В мамин тостер можно поместить только два куска. Хлеб в нем подгорает с одной стороны и остается мягким с другой. Поэтому я включаю духовку и выкладываю хлеб на противень. Беру масло, размышляя, стоит ли намазать его сначала или после.
– Когда будет готово?
– Через восемь минут, – отвечает Питер. – Максимум двенадцать. Иди будить детей.
– Надо подождать маму.
– Яичница засохнет.
Я смотрю на пруд.
– Она уже на полпути обратно.
– Кто плавает, тот ест остывший завтрак.
– Ладно. Тогда ты будешь разбираться с последствиями.
Когда мама чувствует себя оскорбленной, она делает так, чтобы все, кто находится поблизости, тоже страдали. Но Питера этим не пронять. Он просто смеется над ней, говорит, чтобы она перестала сходить с ума, и она почему-то слушается.
1952 год. Нью-Йорк
Маме было всего восемь лет, когда ее мать, Нанетта Солтонстолл, вышла замуж во второй раз. Нанетта была светской львицей – эгоистичной и прекрасной, знаменитой своими чувственными, жестокими губами. Детство ее прошло в богатстве, она была избалована отцом-банкиром. Но все изменилось с началом Великой депрессии. Семья переехала из особняка на Пятой авеню в темную тесную квартирку в Йорквилле, где единственной роскошью, которую позволял себе мой прадед Джордж Солтонстолл, был коктейль водка-мартини, который он каждый день в шесть часов делал в хрустальном шейкере, помешивая ложечкой из чистого серебра. Красота старшей дочери осталась его единственным активом: Нанетта должна была выйти за богача и спасти семью. Таков был план. Вместо этого она поступила в школу дизайна в Париже и влюбилась в моего деда, Эймори Кушинга, бостонского брамина, но при этом нищего скульптора, единственным достоянием которого был ветхий дом на берегу пруда в далеких лесах мыса Код, в Массачусетсе. Он унаследовал дом и пруд от какого-то дальнего родственника.

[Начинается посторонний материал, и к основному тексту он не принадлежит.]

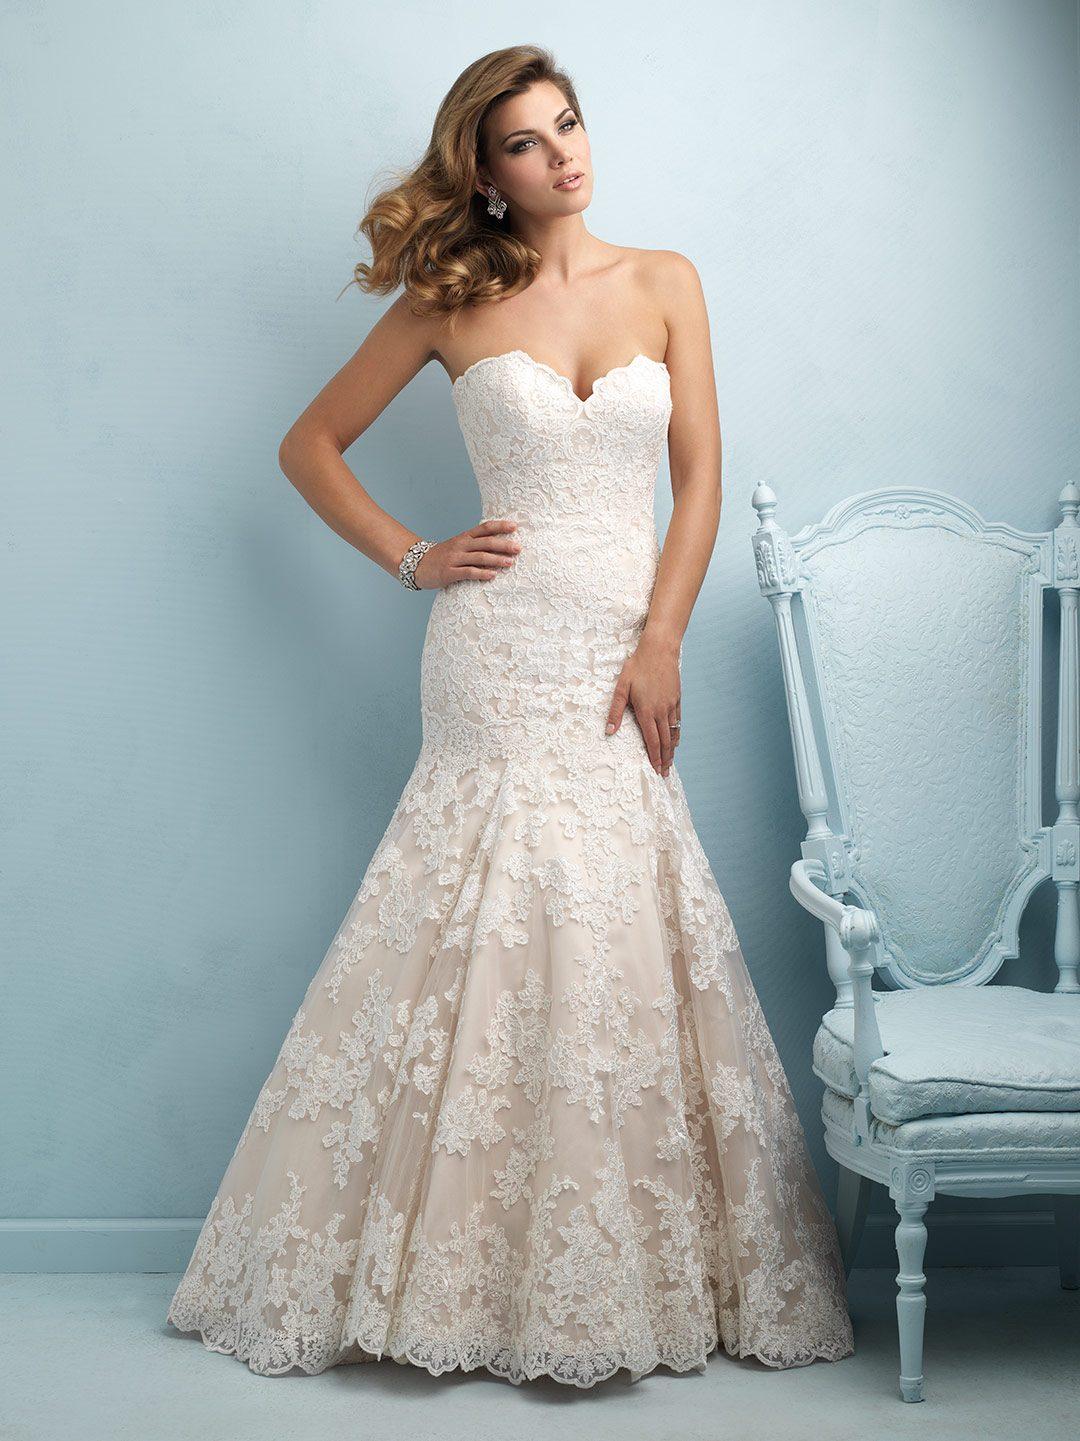 Allure Wedding Dresses.Allure Bridal 9215

Дедушка Эймори построил нашу дачу в тот короткий период, когда они с бабушкой были влюблены друг в друга. Он выбрал длинный узкий участок, скрытый от его дома изгибом берега. У него была задумка сдавать домики на лето, чтобы иметь дополнительный источник дохода, который помог бы обеспечивать очаровательную молодую жену и двух маленьких детей. Снаружи эти домики крепкие, водонепроницаемые: они выдержали множество суровых зим, ураганов и поколения бранящихся родственников. Но у дедушки закончились деньги, поэтому внутренние стены и потолок он сделал из прессованного картона, дешевого и практичного, и назвал дачу Бумажным дворцом. Чего он не предусмотрел, так это того, что бабушка бросит его до завершения строительства. Как и того, что картон обожают мыши, которые прогрызают дырки в стенах каждую зиму, отрыгивают кусочки и кормят ими, как хлопьями, своих крошечных детенышей, рожденных в ящичках стола. Каждое лето тот из нас, кто открывает дачный сезон, должен вытряхнуть мышиные гнезда в лес. Сложно на них сердиться: зимы на мысе жестоки, как это в свое время узнали отцы-пилигримы. Но мышиная моча воняет, и я всегда ненавидела писк ужаса, с которым они падали из деревянных ящичков в кусты.